Altimeter setting 29.94 Current altimeter setting 29.69 Difference .25 (Since 1 inch of pressure is equal to approximately 1,000 feet of altitude, .25 _ 1,000 feet = 250 feet.)

When determining whether to add or subtract the amount of altimeter error, remember that, when the actual pressure is lower than what is set in the altimeter window, the actual altitude of the airplane will be lower than what is indicated on the altimeter.


If no means were provided for adjusting altimeters to nonstandard pressure, flight could be hazardous. For example, if flying from a high-pressure area to a low-pressure area without adjusting the altimeter, the actual altitude of the airplane would be LOWER than the indicated altitude. An old saying, "HIGH TO LOW, LOOK OUT BELOW" is a way of remembering which condition is dangerous. When flying from a low-pressure area to a high-pressure area without adjusting the altimeter, the actual altitude of the airplane is HIGHER than the indicated altitude.

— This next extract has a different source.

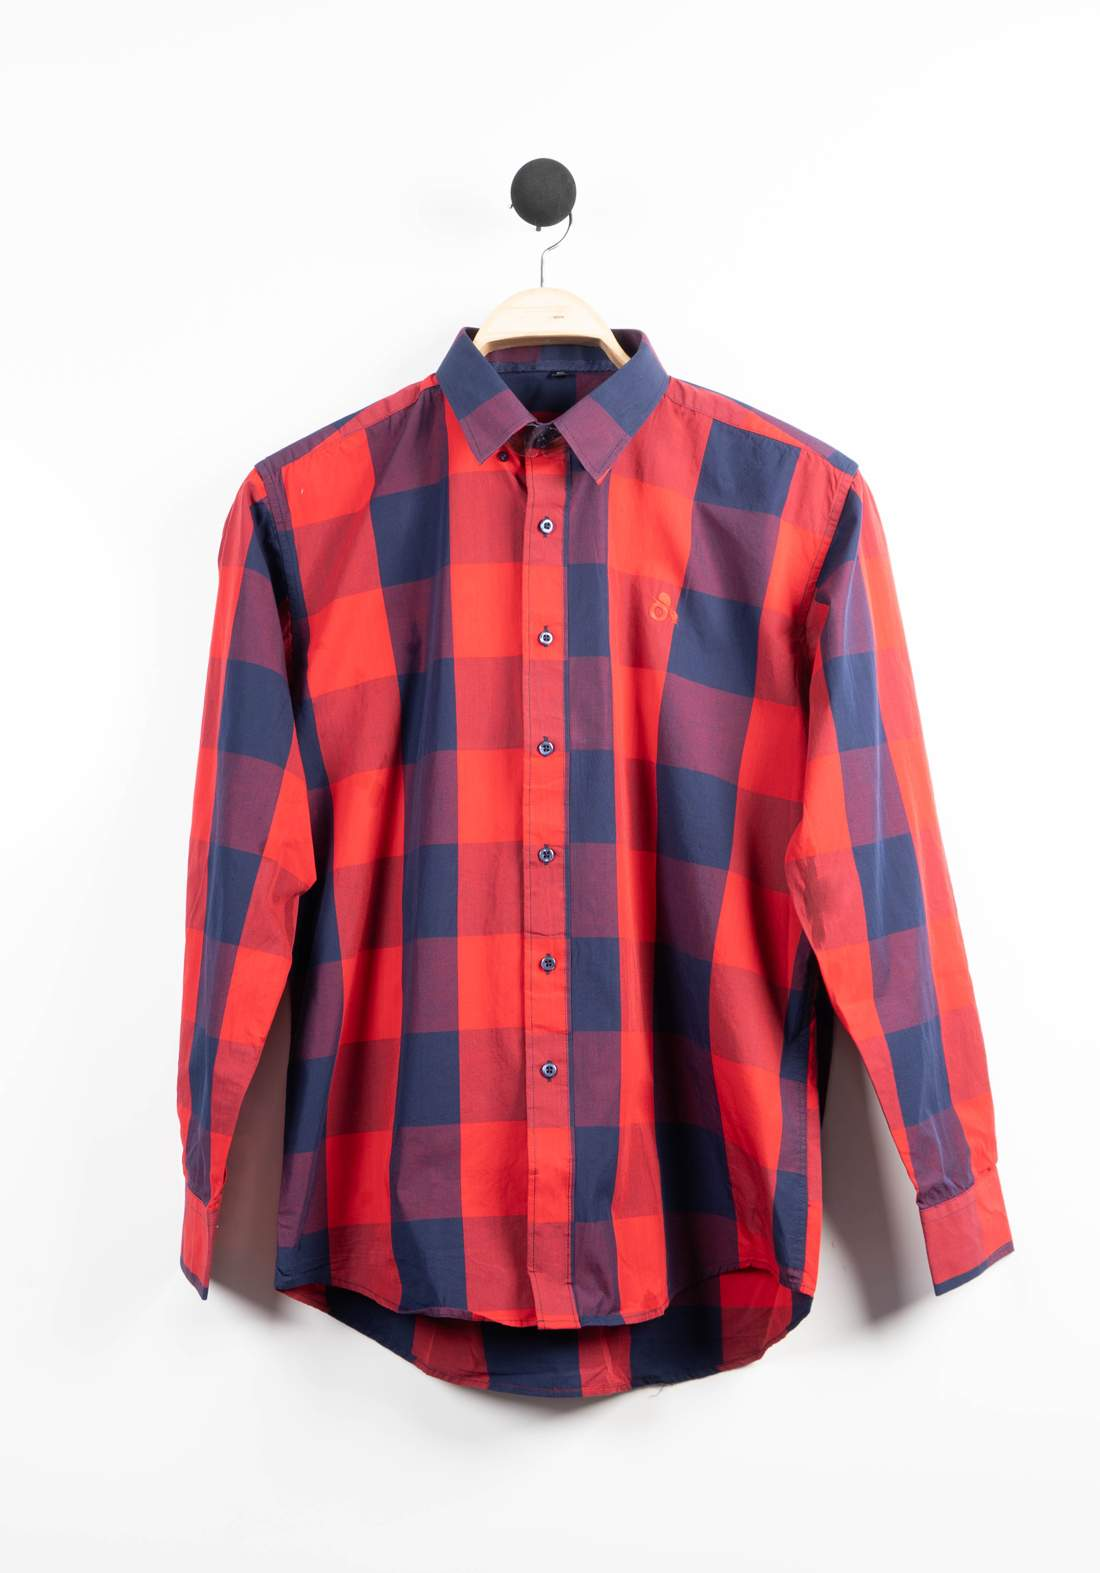 قميص رجالي متعدد الالوان

On a warm day, a given mass of air expands to a larger volume than on a cold day, raising the pressure levels. For example, the pressure level where the altimeter indicates 5,000 feet is HIGHER on a warm day than under standard conditions. On a cold day, the reverse is true, and the pressure level where the altimeter indicates 5,000 feet is LOWER.

The adjustment to compensate for nonstandard pressure does not compensate for nonstandard temperature.

If terrain or obstacle clearance is a factor in selecting a cruising altitude, particularly at higher altitudes, remember to anticipate that a colder-than-standard temperature places the airplane LOWER than the altimeter indicates. Therefore, it is necessary to use a higher indicated altitude to provide adequate terrain clearance. Modify the memory aid to "HIGH TO LOW OR HOT TO COLD, LOOK OUT BELOW."